A situação da Ebony fica ainda mais complicada ao sabermos que ela elogiou o traço regional da música da Laela. Como se não fossem regionais todas as referências ao Rio de Janeiro, o sotaque, as locações e as gírias que vemos e ouvimos em diversos raps. Como se o funk, que é inspiração para o trabalho da Ebony, não fosse tão regional quanto o pagodão. Como se o fato de o funk ser ouvido por todo o Brasil conseguisse esconder a falta de visibilidade de qualquer funkero que não seja do eixo Rio-São Paulo e não esteja alinhado estética e liricamente com ele.
Nos casos de Raffa Moreira e Ebony observamos uma redução de mundo, tal qual no caso de Childish Gambino.
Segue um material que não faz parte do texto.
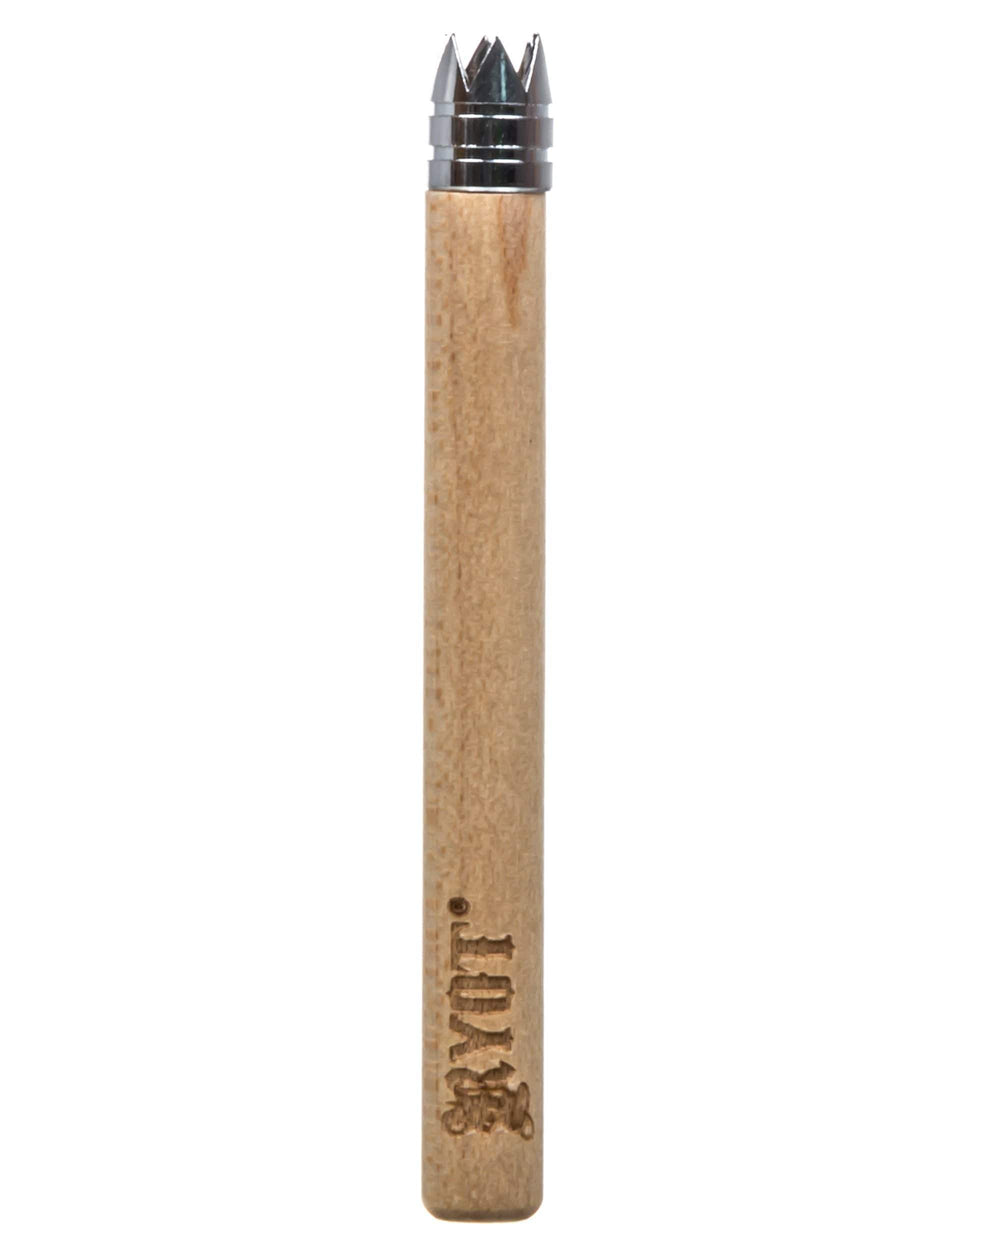 RYOT 420 Accessories Bamboo RYOT Wooden One Hitter w/ Digger Tip RYOT Wooden One Hitter w/ Digger Tip - Morden Vape & 420 SuperStore, Manitoba, Canada

Se neste último, a operação se dá pelo posicionamento dos Estados Unidos no centro do mundo, com Raffa Moreira e Ebony, vemos o eixo Rio-São Paulo ser colocado no centro do Brasil. Obviamente isso não seria um problema dos próprios artistas se eles não contribuíssem com sua gota de fel para a invisibilidade do rap nordestino. Ao se autoproclamarem pioneiros, ignorando e invisibilizando toda uma história do rap nordestino, Raffa Moreira e Ebony não apenas se beneficiam da relevância midiática que tem o eixo no qual se encontram, mas se valem dela para ampliá-la a seu favor. Invalidam toda e qualquer experiência nordestina em prol de uma luta de um homem só, ou uma mulher, que relega apenas a si o fardo do pioneirismo e que, portanto, é o único com direito a receber os frutos de sua empreitada, ou, ao menos aquele a quem se deve a maior parcela. Enquanto que ao Nordeste sempre sobrará a defesa do óbvio e a repetição da história. Diante disso e de frente para Raffa Moreira, Ebony, e tantos outros nos resta perguntar: “Como é que você nunca ouviu falar?”.
Marcos Roberto Santos Pereira é doutorando em filosofia pela UFS e pesquisador informal da história do rap sergipano.